CHIEF JUSTICE REHNQUIST: But you say, Mr. Dellinger, you want quality programming, and yet you also say that the 60 percent of the people who don't have cable, or 40 percent, whatever, are perhaps people in lower income brackets and that sort of thing. Maybe the people in the lower income brackets don't necessarily want the history channel or something like that.

GENERAL DELLINGER: Well, it's -- these are stations that often appeal to communities. Take an example. KCEC was a Spanish language station, over-the-air broadcast station. Once it got on the cable, it had the resources to institute its first local news program in the Spanish language that served the Hispanic population. A lot of these -- there's a new fourth network made up of channels that used to be located in the nether regions of broadcasting. Getting them on cable leads to more sources. I do not think --

JUSTICE SANDRA DAY O'CONNOR: But to argue that it's better for people to have more news programs certainly reinforces the notion that it is a content-based interest here that's being urged, and I wonder, General Dellinger, the broadcast stations and the stations that aren't on cable are still out there on the air for a viewer to receive if they switch off of cable, aren't they? I mean, there are switches. I can plug in a TV set and pull in these other stations, can't I?

GENERAL DELLINGER: Let me respond to your first question first, which is that I do think it's important that having a legitimate congressional concern that local broadcasters are not depleted of revenue so that those local broadcasters can make their own decisions and have the resources --

JUSTICE O'CONNOR: Well then, why not give them subsidies? That's very narrowly tailored. You don't have to commandeer all the channels. If the Government is concerned about prosperity of the station, give them a subsidy.

GENERAL DELLINGER: I think both the subsidy and the A/B switch are unsatisfactory and not less restrictive alternatives, but it is important to me that we understand that one is not touching a third rail of content skewing by the Government for the Government to think that local broadcasters ought not be starved of resources so they can choose, but on these two alternatives, the problem of Government subsidies --

JUSTICE SCALIA: You at least -- the Government at least thinks that expensive programming is better programming.
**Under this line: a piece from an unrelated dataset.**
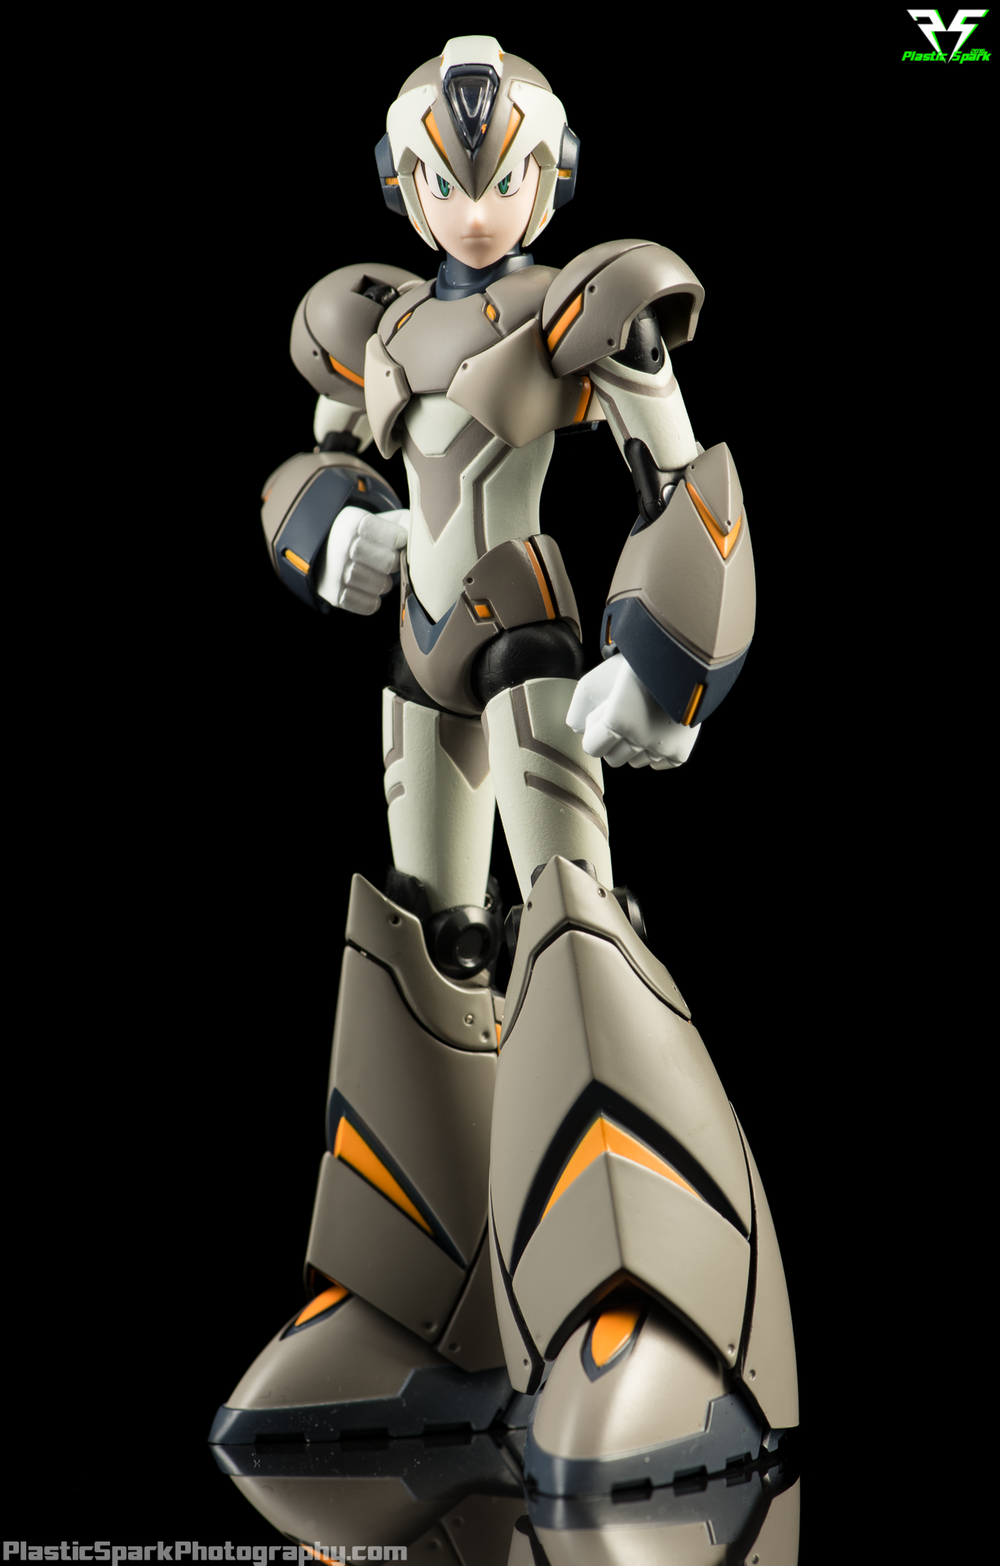 Truforce-Megaman-X-KS-Variant-(3-of-3).png

GENERAL DELLINGER: The Government --

JUSTICE SCALIA: And there may be those that think that, you know, talking heads are better than blowing up buildings or things like that, but the Government has made that decision --

GENERAL DELLINGER: Yes.

JUSTICE SCALIA: -- at any rate. Expensive programming is better programming, right?

GENERAL DELLINGER: Congress believes that there are -- that the harm suffered to local broadcasters when they're not carried by local systems includes reduction in a whole range of services, of content, that they could offer. That's -- Government is not choosing content, but wants there to be some robustness in local program, or the ability of them to choose that. Now, the --

JUSTICE GINSBURG: General Dellinger, may I ask you on that point, at least with respect to the public stations, am I -- and I'm talking about section 5. I thought that the record showed that no station went dark in the mustcarry period, that the number of stations, the number of stations in fact increased, and that even membership revenue increased, so was there even -- the case that you're making, even for what was available, was even that made out with respect to the public television?
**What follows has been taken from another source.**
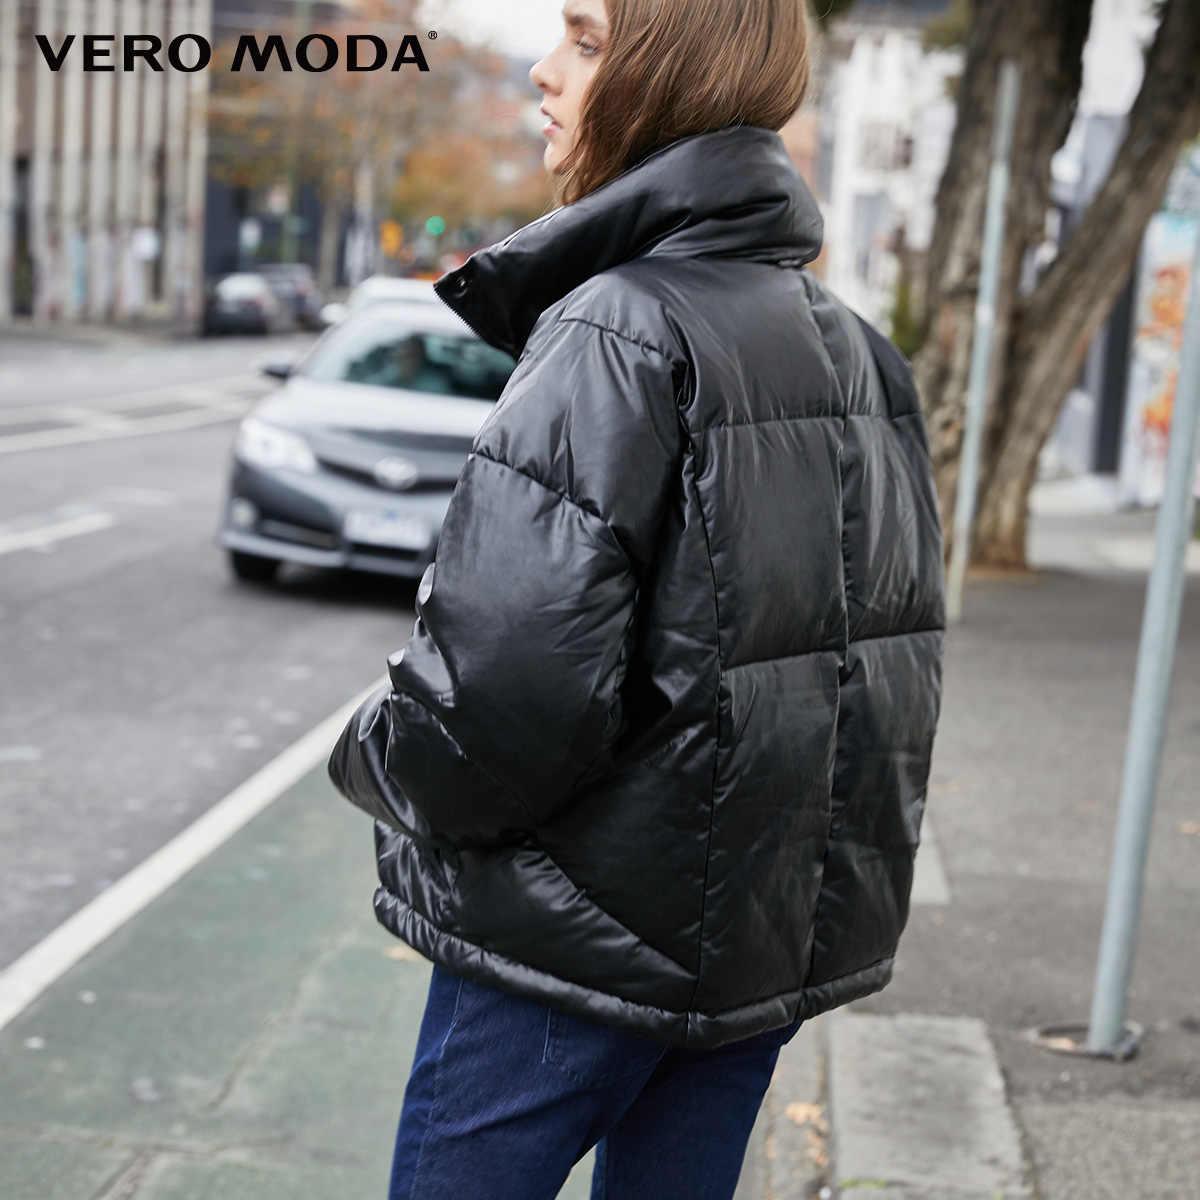 Vero Moda New Women's PU Fabric Orange Stand-up Collar Down Jacket | 319423516

GENERAL DELLINGER: Justice Ginsburg, during the period in the mid-eighties to 1992, it was of course a period of great economic growth, so statistics generally are good, but in the joint record before Congress there are many instances of public stations where the -- particularly the secondary -- second or third public broadcast stations, ones that might be serving a community college, is being repositioned, losing its channel place in the middle of a community college course, and there's also the additional interest that Congress has always had in promoting educational television and making sure the cable homes have access to educational programs.

I mean, it's important as we debate these issues to remember that the question is not whether on these factual disputes Mr. Farr is right or I'm right, or even whether Congress was right.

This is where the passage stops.